Lone in on Mount Prospect Public Library’s new Second Floor.

Located at 10 S. Emerson St., the library relied on community and patron insights for a recent update of the building’s Second Floor.

“The new Second Floor is zoned for a variety of activities,” said Dale Heath, Research Services department head. Patrons interested in quiet study, small group meetings, computer use, or a chat over a cup of coffee now have spaces that meet their needs. A dedicated Teen area offers this age group a place to study, read, play games, and more.

Features of the renovated Second Floor include:

• Seven additional meeting rooms, including five study rooms and two conference rooms to accommodate individuals and small groups.

• The Mount Prospect Public Library Foundation conference room is wired for audio-visual needs and may be rented by small businesses.

• A café vending area for a drink or a quick snack.

• Teens get a spot of their own with the Teen collection close by.

• Quiet and moderate noise areas allow all patrons to effectively use the Library for collaborative study or individual work. Even the computer areas will be zoned for different activities.

“Patrons have been asking for more meeting space as well as areas that can accommodate a range of activities,” said Heath. “We also know that teens need their own space, but that they come to the Library to use other services, as well.”

What has not changed?
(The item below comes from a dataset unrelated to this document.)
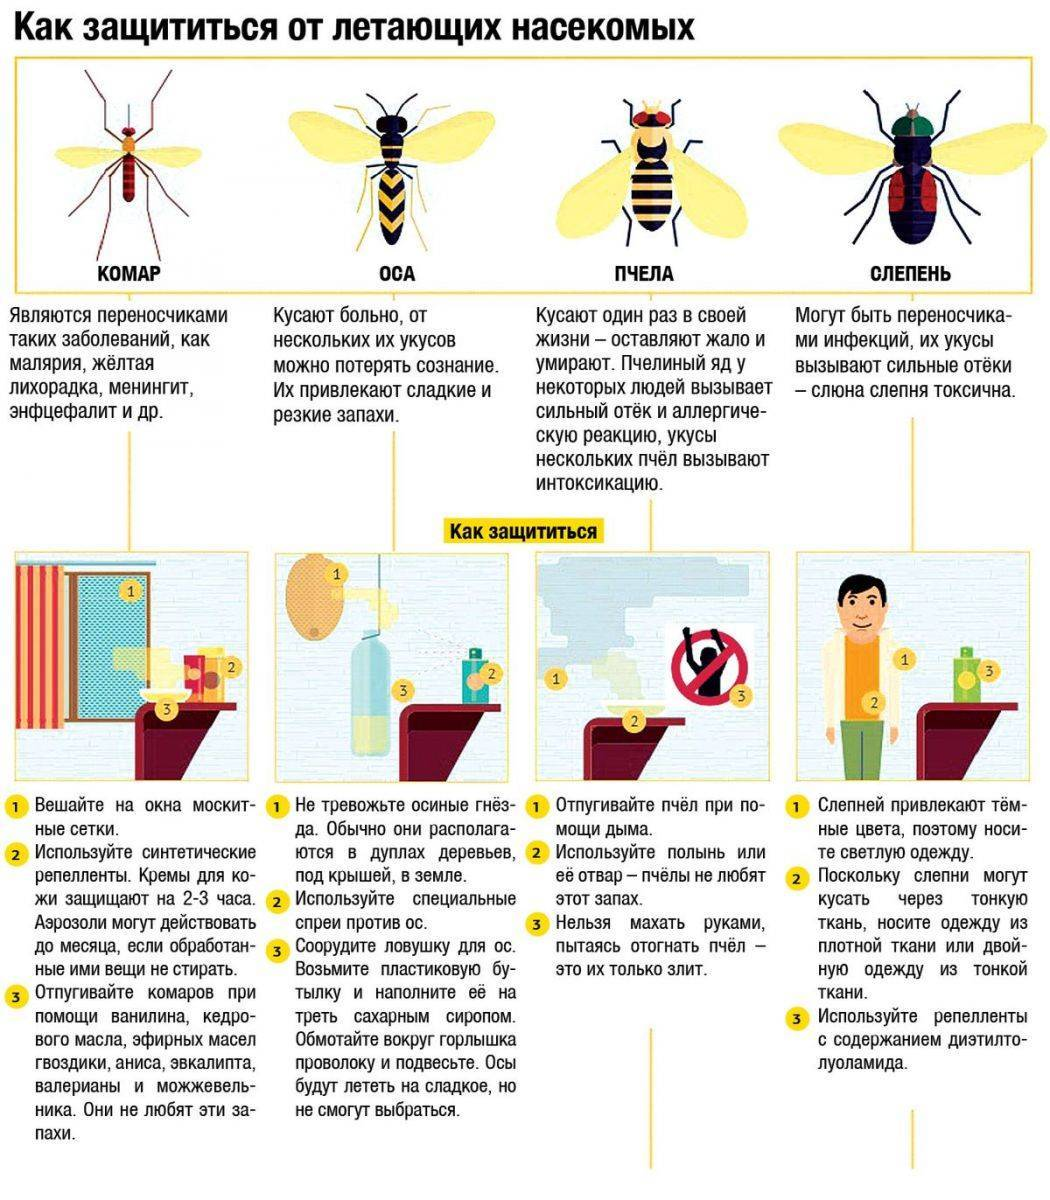 Кто умирает после укуса пчела или оса

The Second Floor is still bright, open, cheerful, and welcoming. Staff continues to be available on multiple service desks, helping patrons with everything from finding a great novel or biography to guiding them through the use of Web resources on genealogy, car repair, investments and more, to assisting with a job search.

On the first floor, Youth Services is planning an exciting and innovating

STEAM programming in the Discovery Zone, as well as materials and services for early readers and children with special needs.

“The Library’s mission of bringing our community the services and collections they need will always remain,” said Library Executive Director Marilyn Genther.